DATA BELOW:
'''

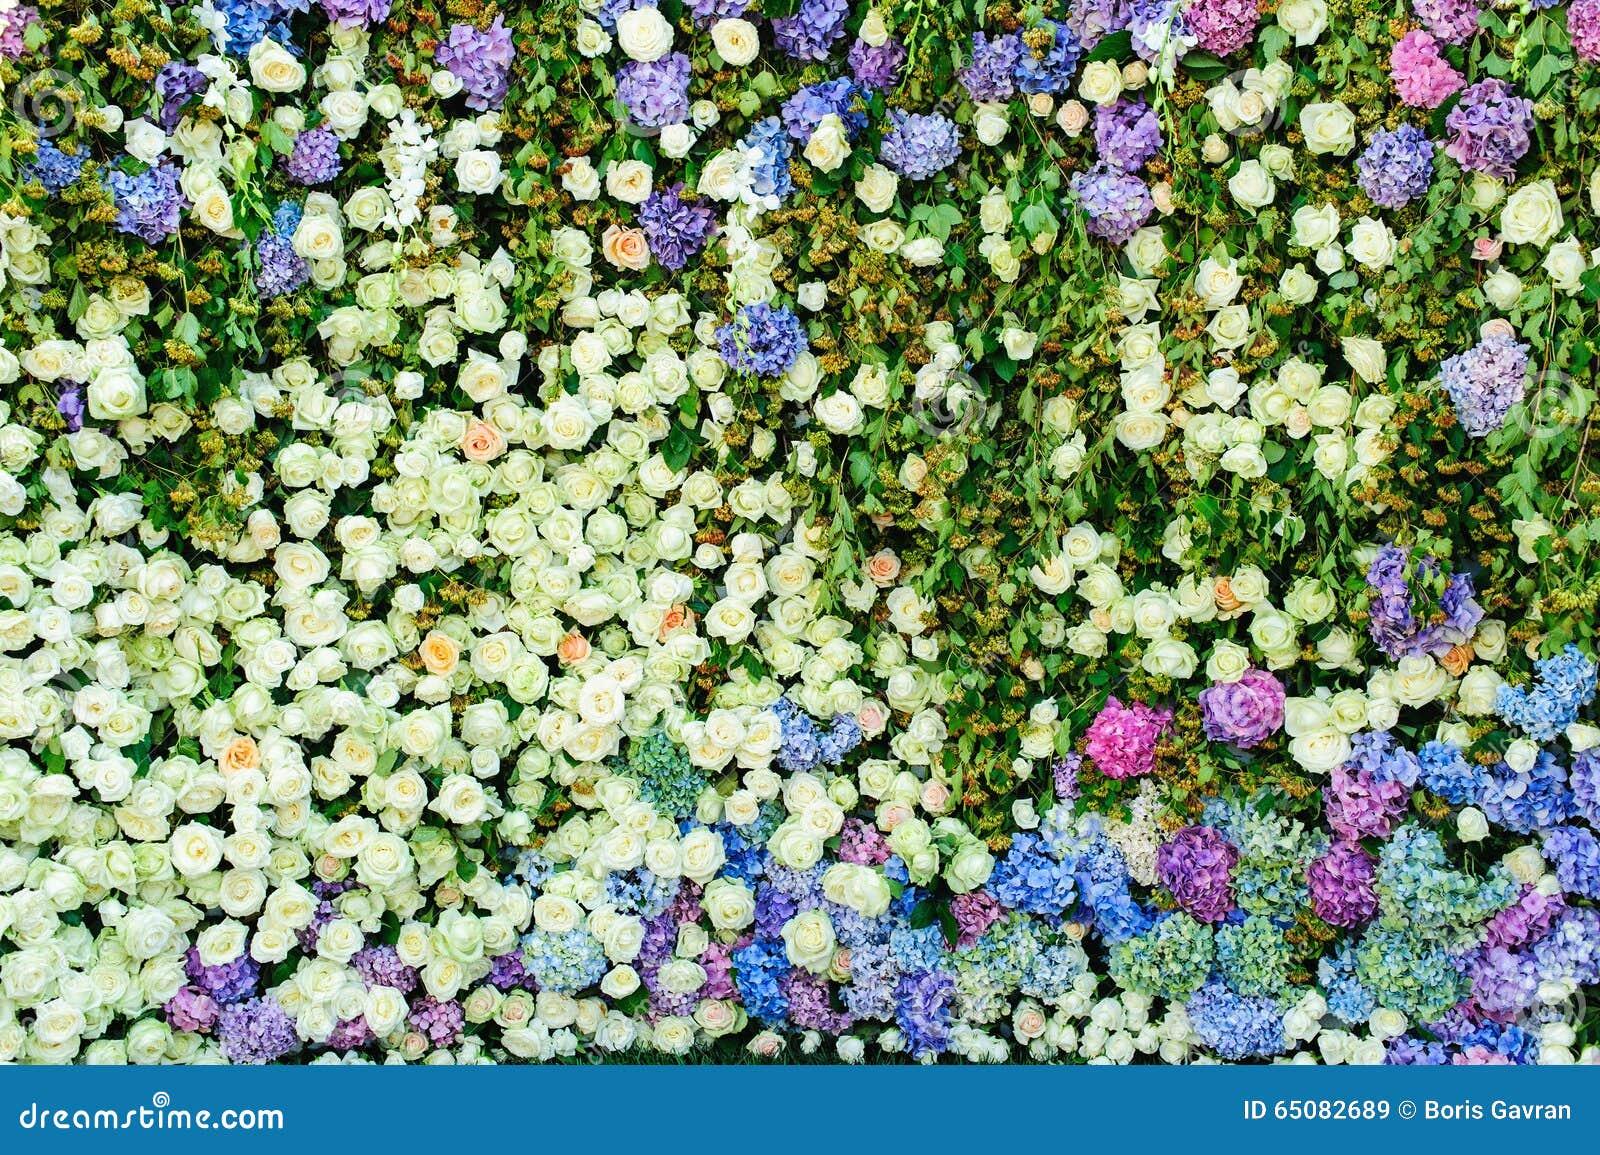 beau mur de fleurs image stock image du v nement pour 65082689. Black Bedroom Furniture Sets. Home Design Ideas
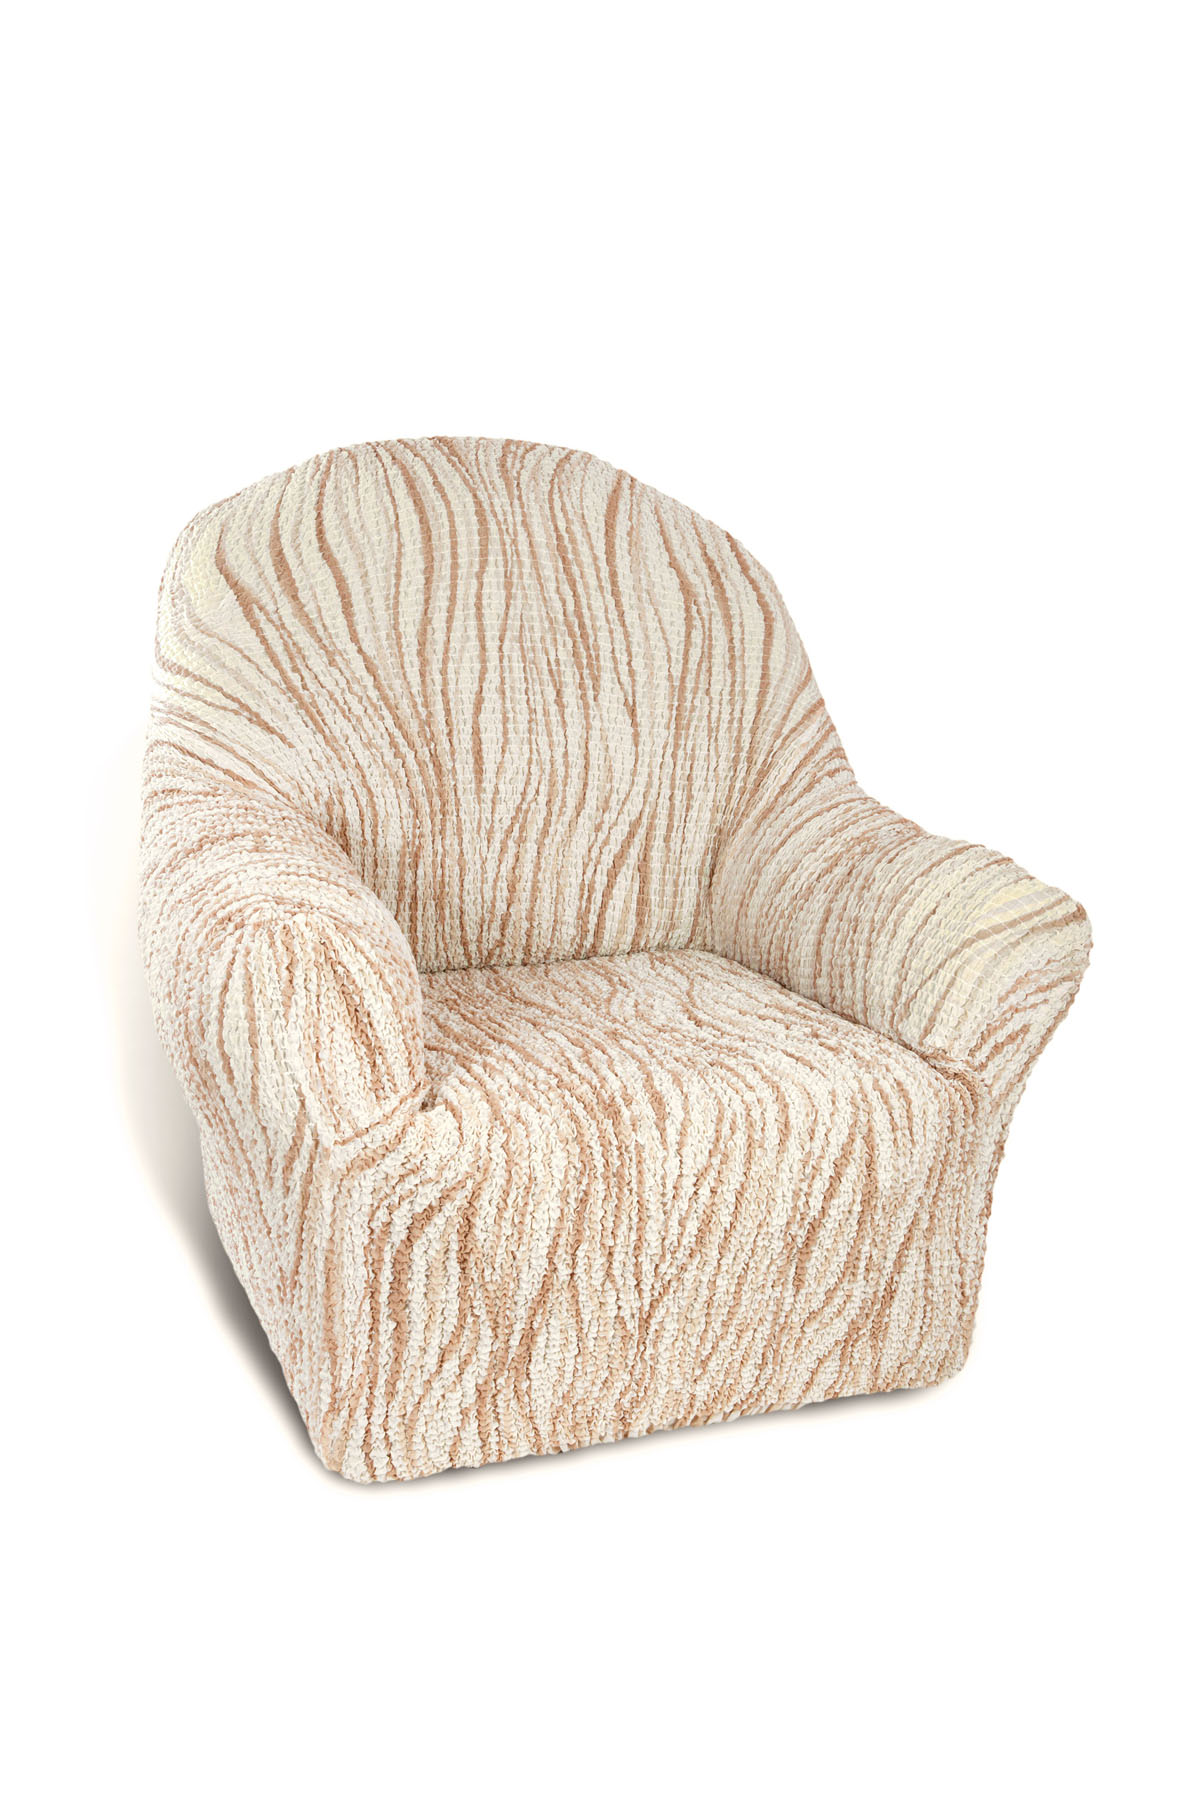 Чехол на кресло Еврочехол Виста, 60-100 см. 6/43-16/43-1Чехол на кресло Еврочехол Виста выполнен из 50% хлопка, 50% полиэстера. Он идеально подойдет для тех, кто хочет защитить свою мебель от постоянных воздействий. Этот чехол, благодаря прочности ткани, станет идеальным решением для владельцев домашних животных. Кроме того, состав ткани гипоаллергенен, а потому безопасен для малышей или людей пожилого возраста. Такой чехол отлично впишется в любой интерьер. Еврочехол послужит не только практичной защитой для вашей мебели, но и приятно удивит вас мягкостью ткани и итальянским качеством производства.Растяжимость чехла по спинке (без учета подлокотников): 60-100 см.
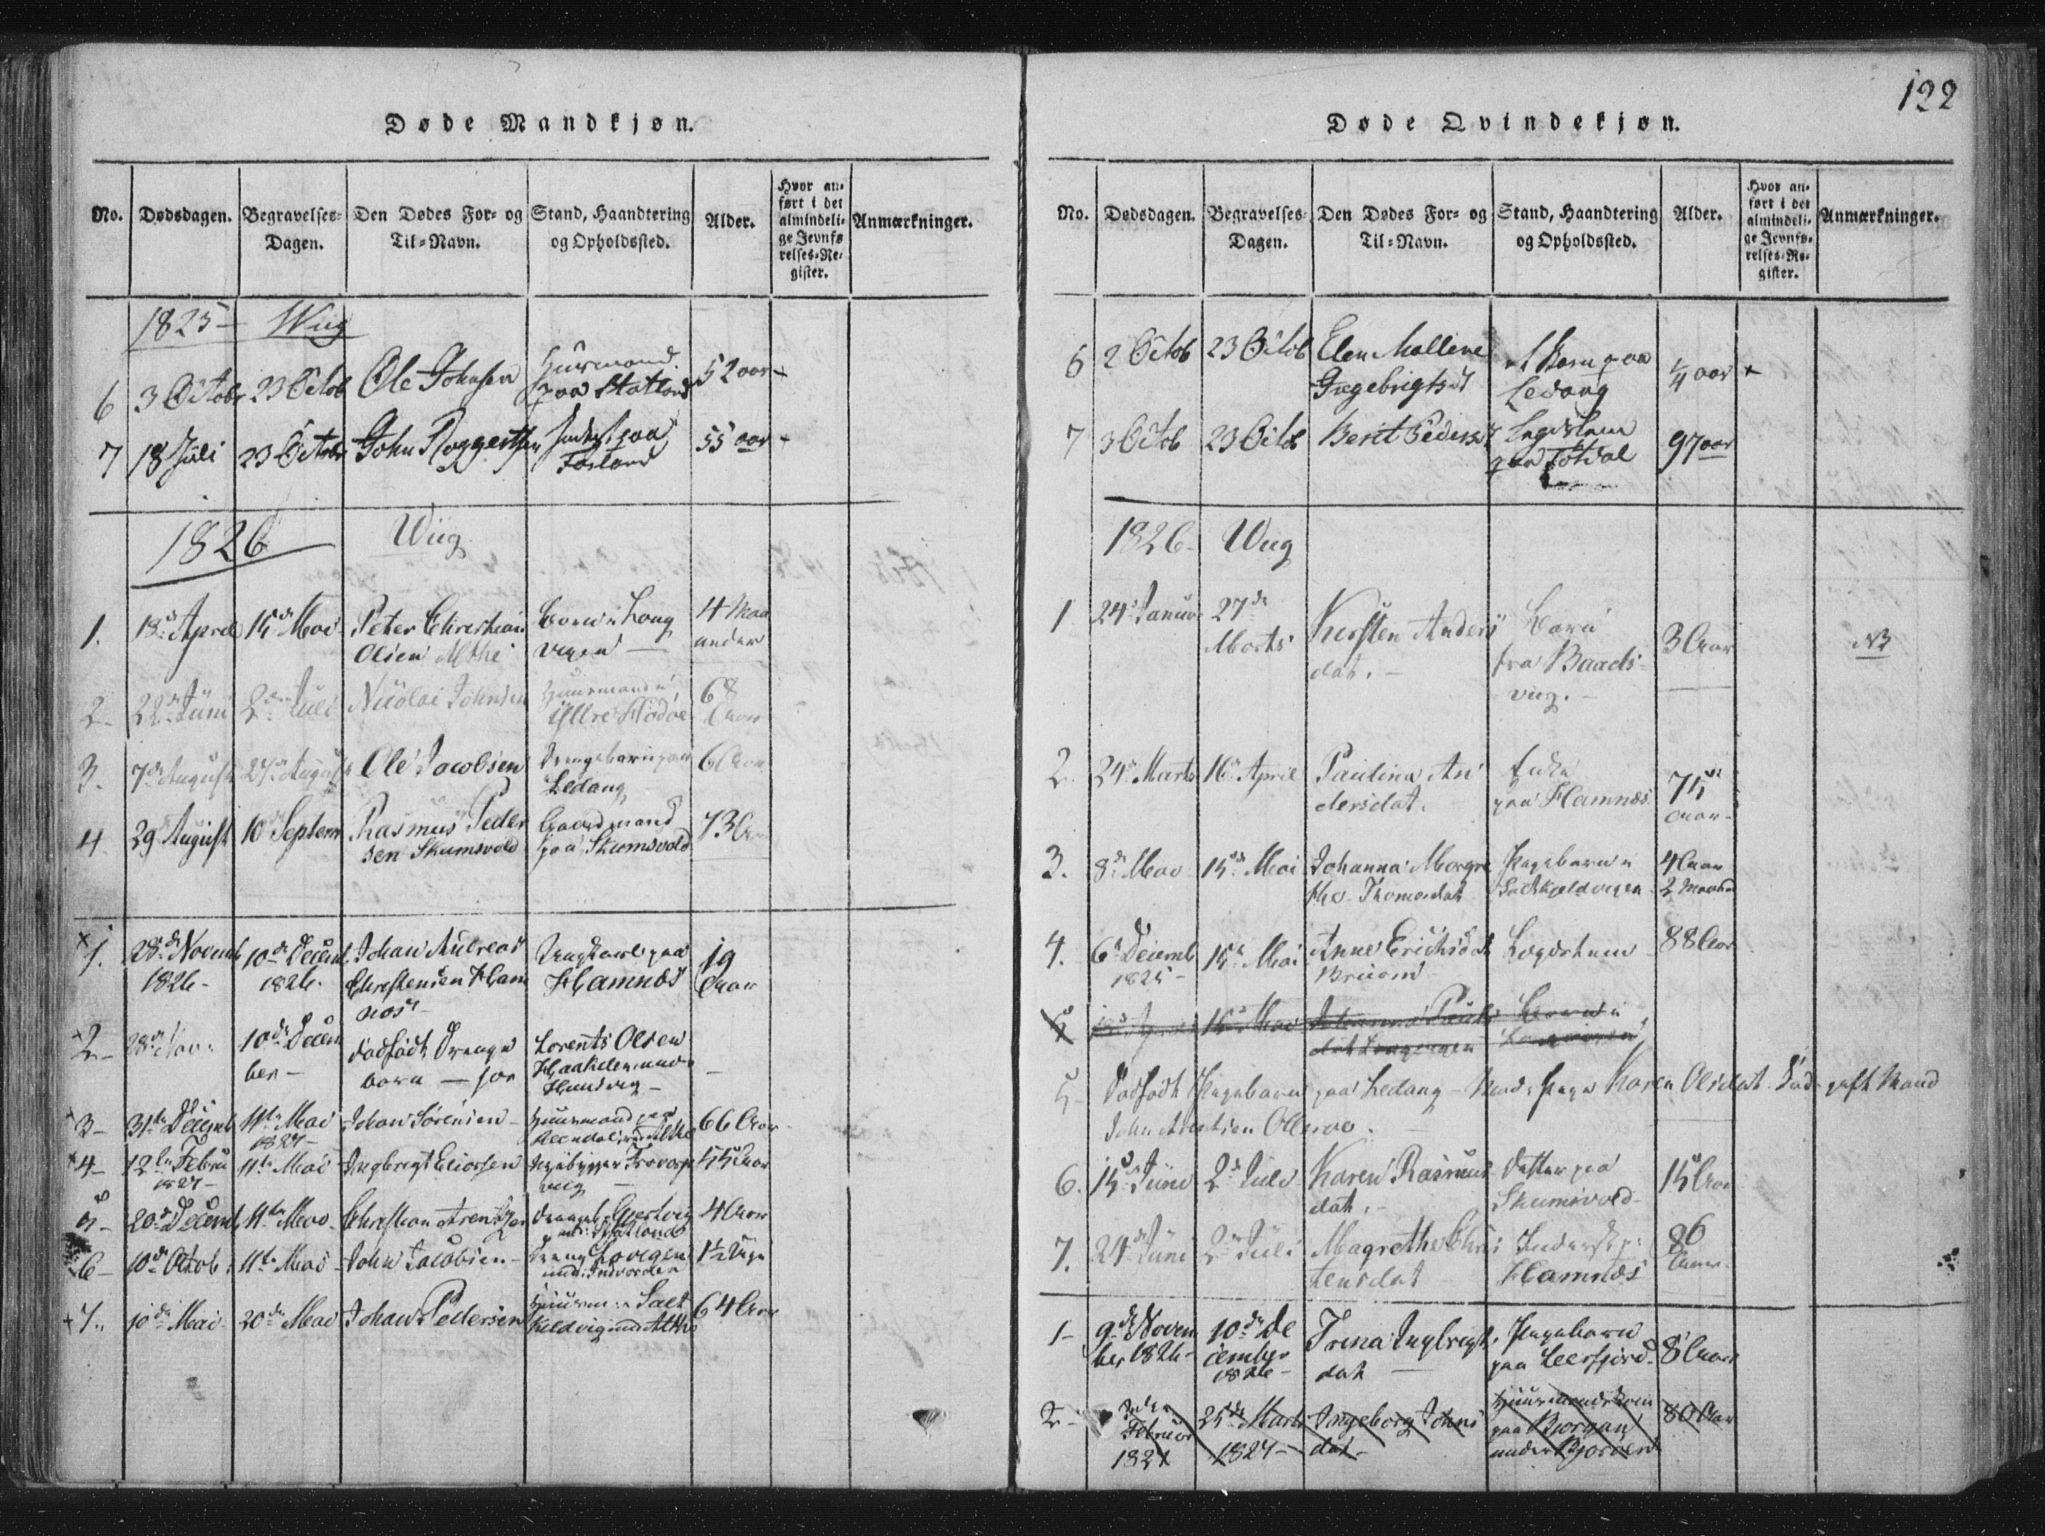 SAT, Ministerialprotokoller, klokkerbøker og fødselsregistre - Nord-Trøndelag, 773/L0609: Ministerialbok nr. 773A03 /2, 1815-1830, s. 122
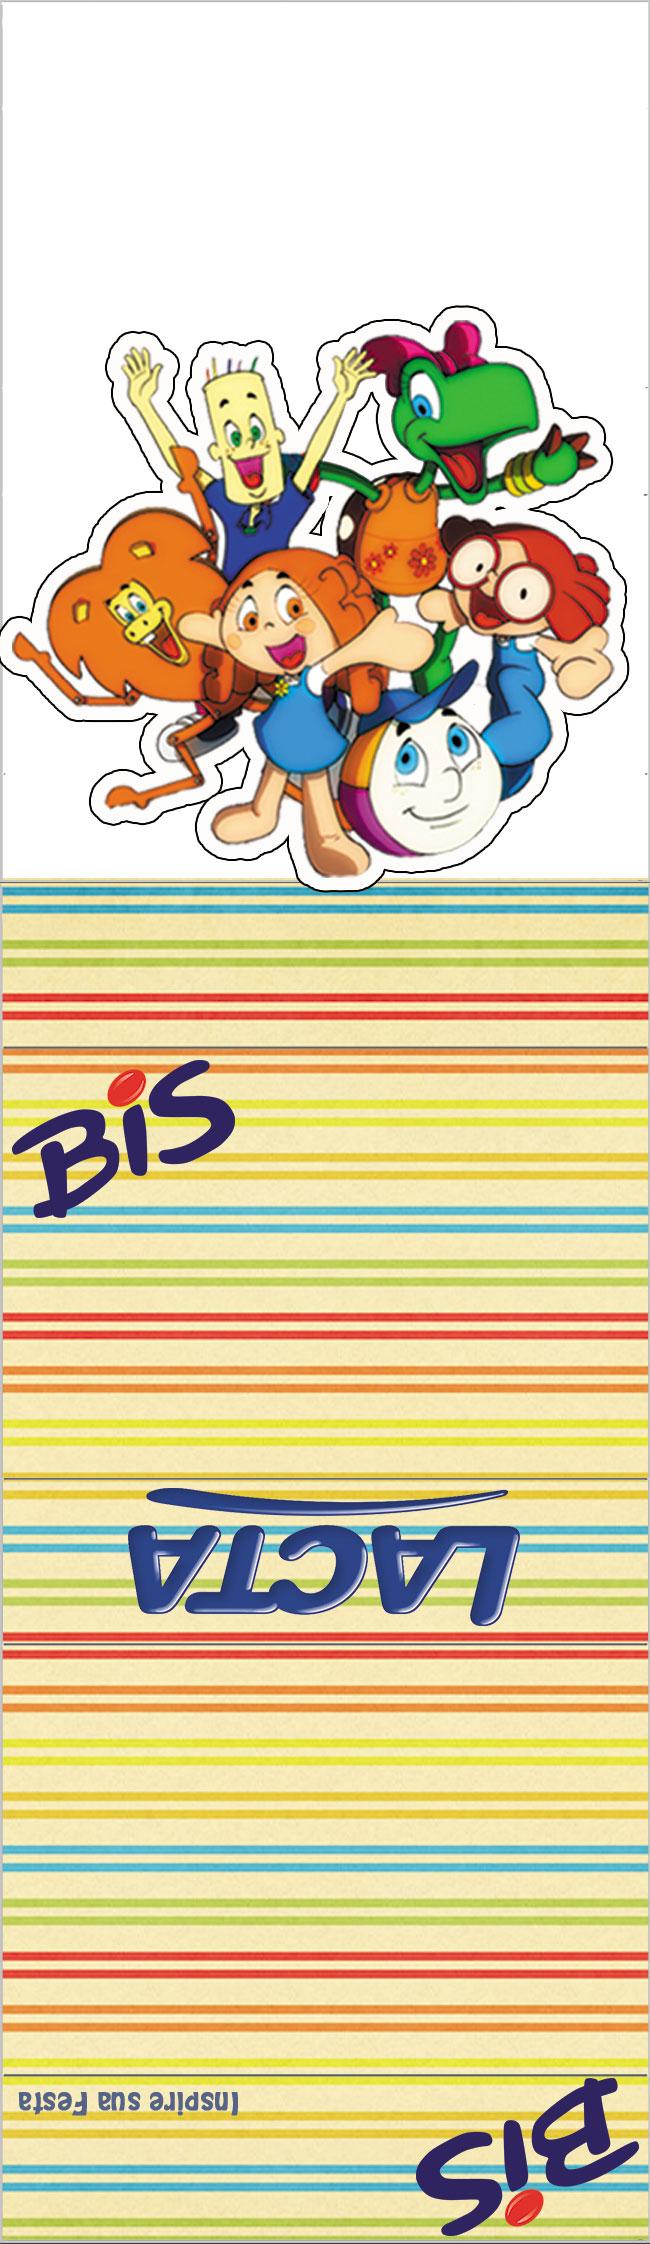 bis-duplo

'''

ACTIVITY: Reproduce verbatim every line starting at the line that holds "SAT, Ministerialprotokoller, klokkerbøker" and ending with the final line of the data; omit the pictures.

TASK RESULT:
 SAT, Ministerialprotokoller, klokkerbøker og fødselsregistre - Nord-Trøndelag, 773/L0609: Ministerialbok nr. 773A03 /2, 1815-1830, s. 122
 bis-duplo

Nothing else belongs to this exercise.